Приходский священник. Да, и латинский, да и другие, может быть, почему же нет? Оно допускает варианты, различие существенного, неизменного, как евхаристический канон в Литургии, и несущественного, подвижного, словом, оно есть жизнь Церкви, неподвижная в основах и текучая в формах. Иначе же получится старообрядчество, которое принципиально именно и поддерживается непониманием истинной природы обряда. Идейная основа старообрядчества, как исторического, так и современного, в том, что все части богослужебного обряда, каждое его слово и указание одинаково боговдохновенны и не могут быть устранены или изменены. Но такая

степень боговдохновенности богослужебному обряду, очевидно, не может быть приписана; на наших глазах ломается богослужение во всем, что связано было с молитвенными поминовениями царствующего дома. Главное же, чего не замечают, – это то, что обряд меняется вследствие употребления одних служб и фактического неупотребления других. Жизнь производит и свою критику, и свой отбор, и постоянно, хотя и незаметно, происходит изменение богослужения, и сейчас приходится констатировать, что многое в том огромном наследии, которое досталось нам от Византии и старой Руси, теперь устарело, перестало пользовать духовно, а вместе с тем может и должно быть как-то восполняемо. Но к этому препятствием является и еще одно обстоятельство: богослужебный язык. Я, разумеется, принадлежу к безусловным приверженцам славянского языка в богослужении и полагаю, что для основных служб, и прежде всего для Литургии, он должен быть безусловно сохранен без всяких ограничений. Но в отношении к новейшим службам с ним стоит дело совершенно беспомощно. Ведь будем рассуждать откровенно – болгарский диалект языка, каким он является в первооснове, не существует в настоящее время, забыт даже самими болгарами, а как литературный язык не сохранился за малокулыурностью народа. Поэтому это есть в полном смысле слова «умерший» язык. Какое отличие в этом отношении от латинского языка, который, будучи мертвым, все-таки представляет собой классически выработанный литературный язык, на котором и теперь образованный человек может писать в совершенстве, правда, не творя новых слов или форм, как в языке живом, а только воспроизводя старые, но в этих пределах он есть и доселе живой язык– в католической литературе и богослужении, в этом отношении он не имеет никакой параллели к языку славянскому.

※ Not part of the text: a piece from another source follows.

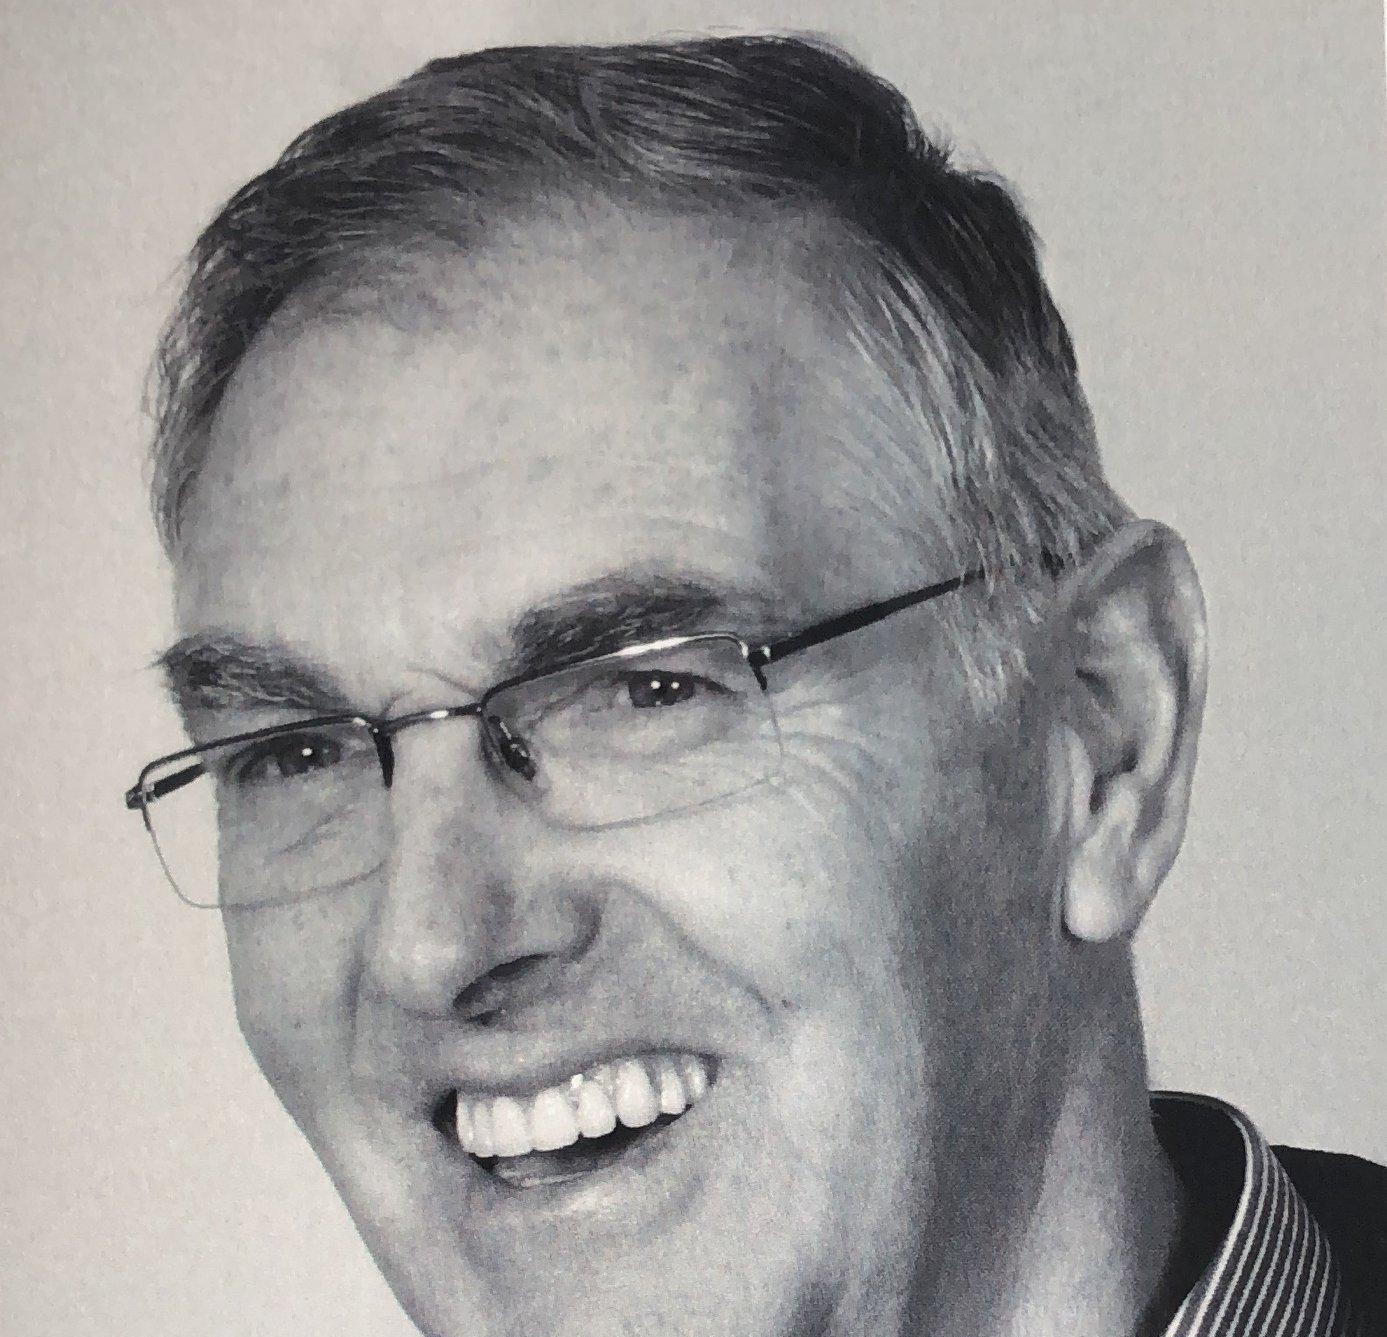 Uit het leven gerukte Zwaager Ben Gitzels (1941-2020) genoot heel bewust extra van het leven: 'Dorpsman zal gemist worden'
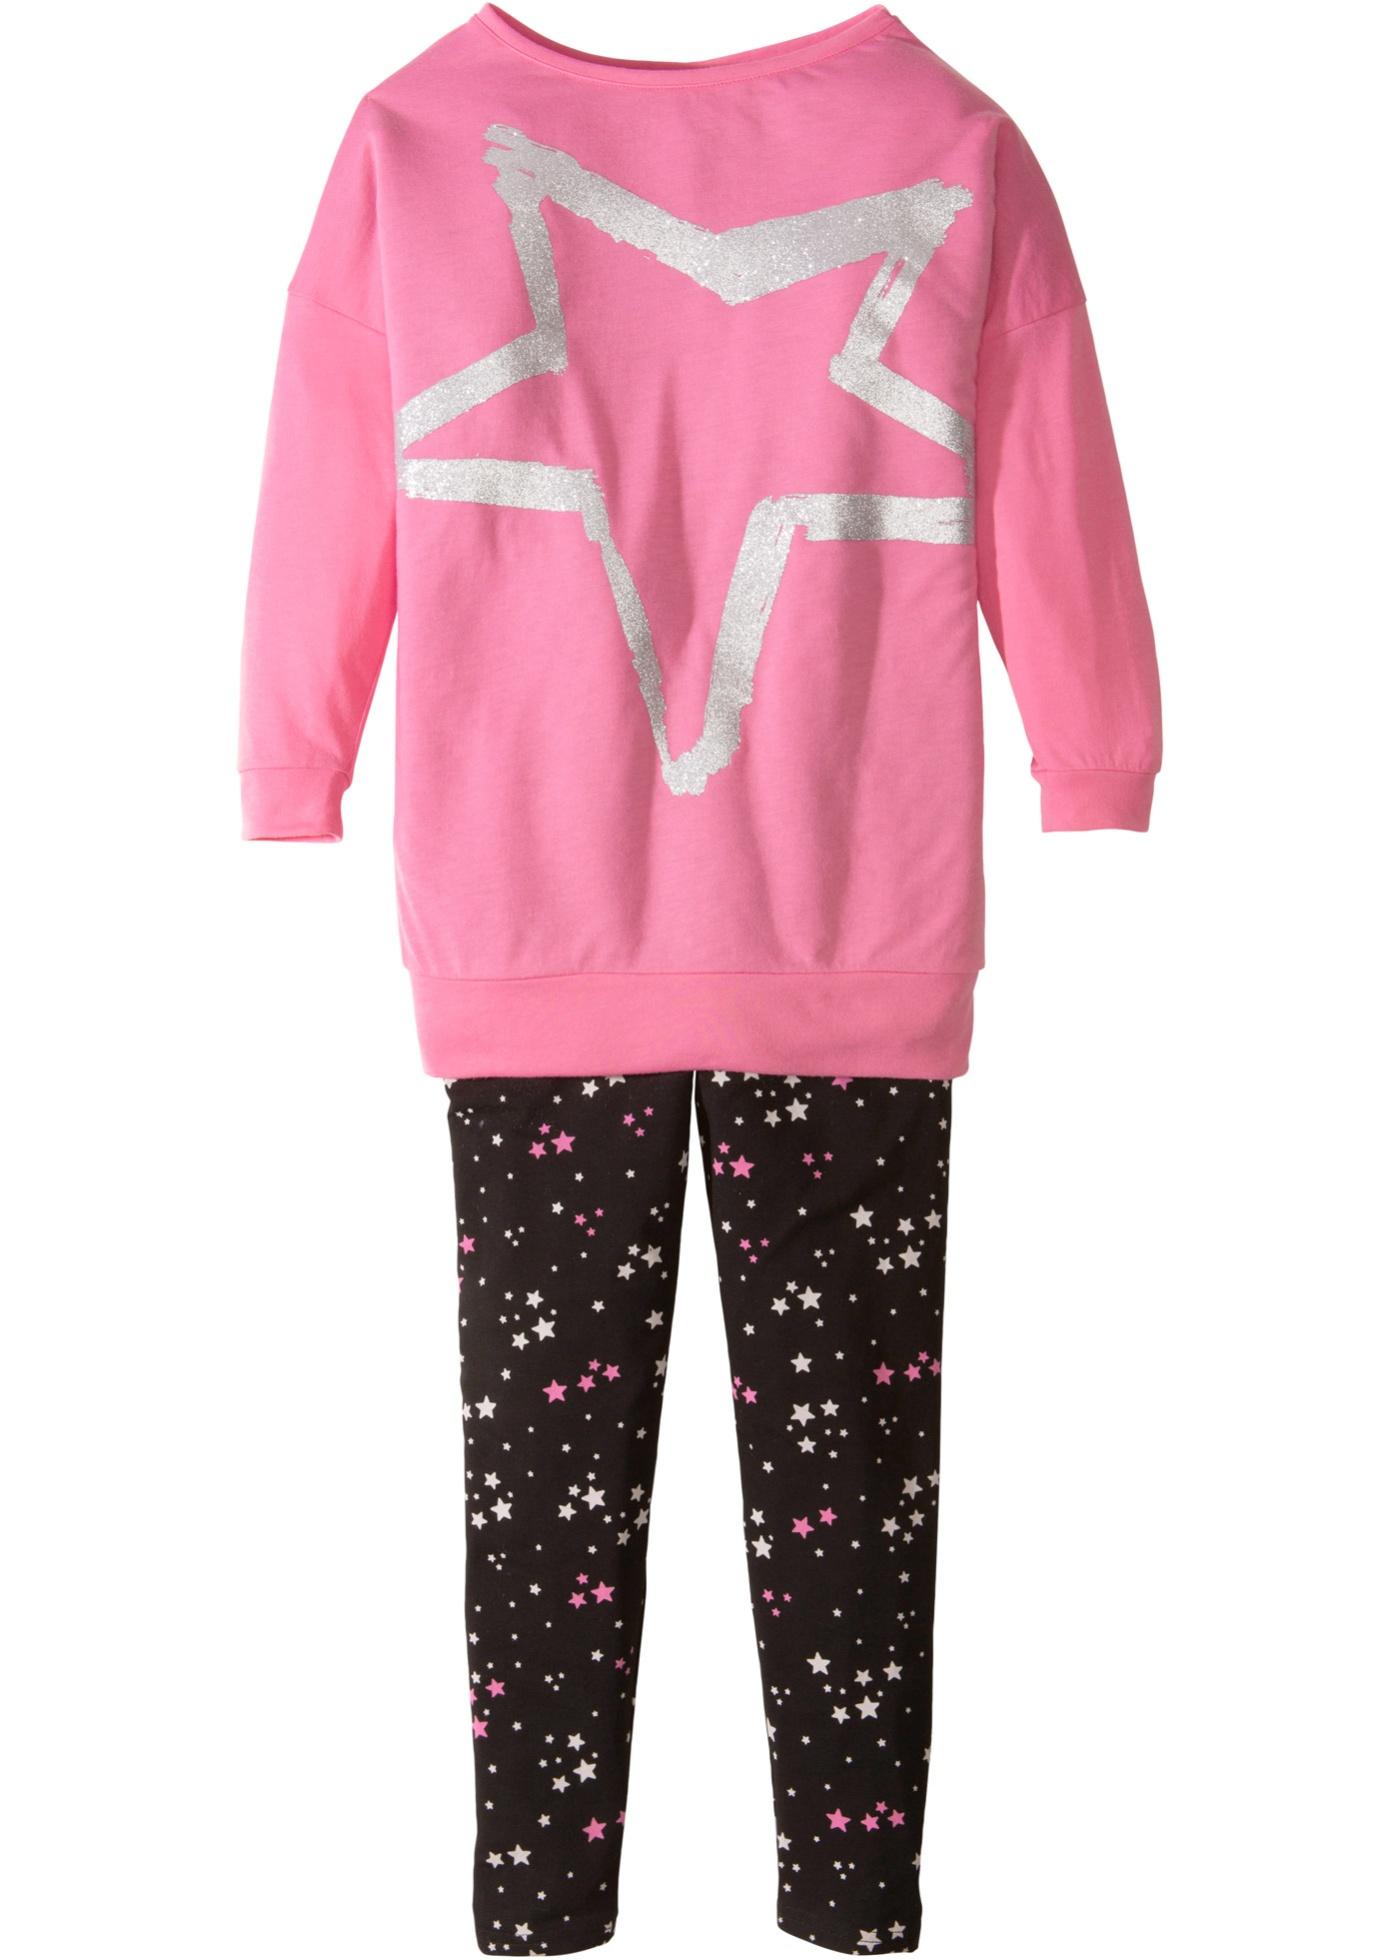 bpc bonprix collection Longshirt + leggings för flickor (2 delar)

Впрочем, свой богослужебный язык, в том виде, в каком он возбуждает нашу любовь и восторги – в Служебнике, в Требнике, в Евангелии, в Постной и Цветной Триоди, в Октоихе и подобное, – есть, конечно,
русский
славянский язык веков XIV–XV, русско-славянский диалект отдаленных времен, каких – предоставляю определить это более меня компетентным, но тоже в настоящее время утерянный, а в свое время не достигший литературного развития. В отношении к нему возможно только сознательное и заведомое подражание, стилизация, предполагающая, конечно, особую выучку и мастерство, но, разумеется, ограниченную в возможностях по недостатку лексического материала. Ведь это Горбунов, кажется, был мастер подобных стилизаций на разные века. Но, согласитесь, разве же такая заведомая стилизация, произвольное, то есть внутренне не мотивированное, подражание старине, какой-то старообрядческий эстетизм, не ставит в глубоко беспомощное, критическое положение наш развивающийся обряд, чего незаметно только благодаря общему его застою. Но зато все новейшие службы представляют собой отвратительный […] и полуграмотный перевод с русского языка, не на язык, а лишь на грамматические формы церковнославянского языка. Читать это буквально невыносимо, почему эти службы, акафисты и подобное своим безвкусием доставляют страдания. А между тем выхода отсюда нет: Предание требует церковнославянского языка, которого, в сущности, давно тоже нет ни в живом, ни мертвом виде. Остается либо стилизация, которой и похваляются некоторые, воображая, очевидно, что это ремесленничество и есть литургическое творчество, или же семинарская стряпня по данному образцу, как теперь пишутся акафисты. Я повторяю: эта устарелость неприметна лишь благодаря общей неподвижности, так что, как видите, не совсем неправы добивающиеся допущения в богослужение живого языка и совсем неправы нападающие на латинский богослужебный язык, который и теперь может удовлетворить всем нуждам.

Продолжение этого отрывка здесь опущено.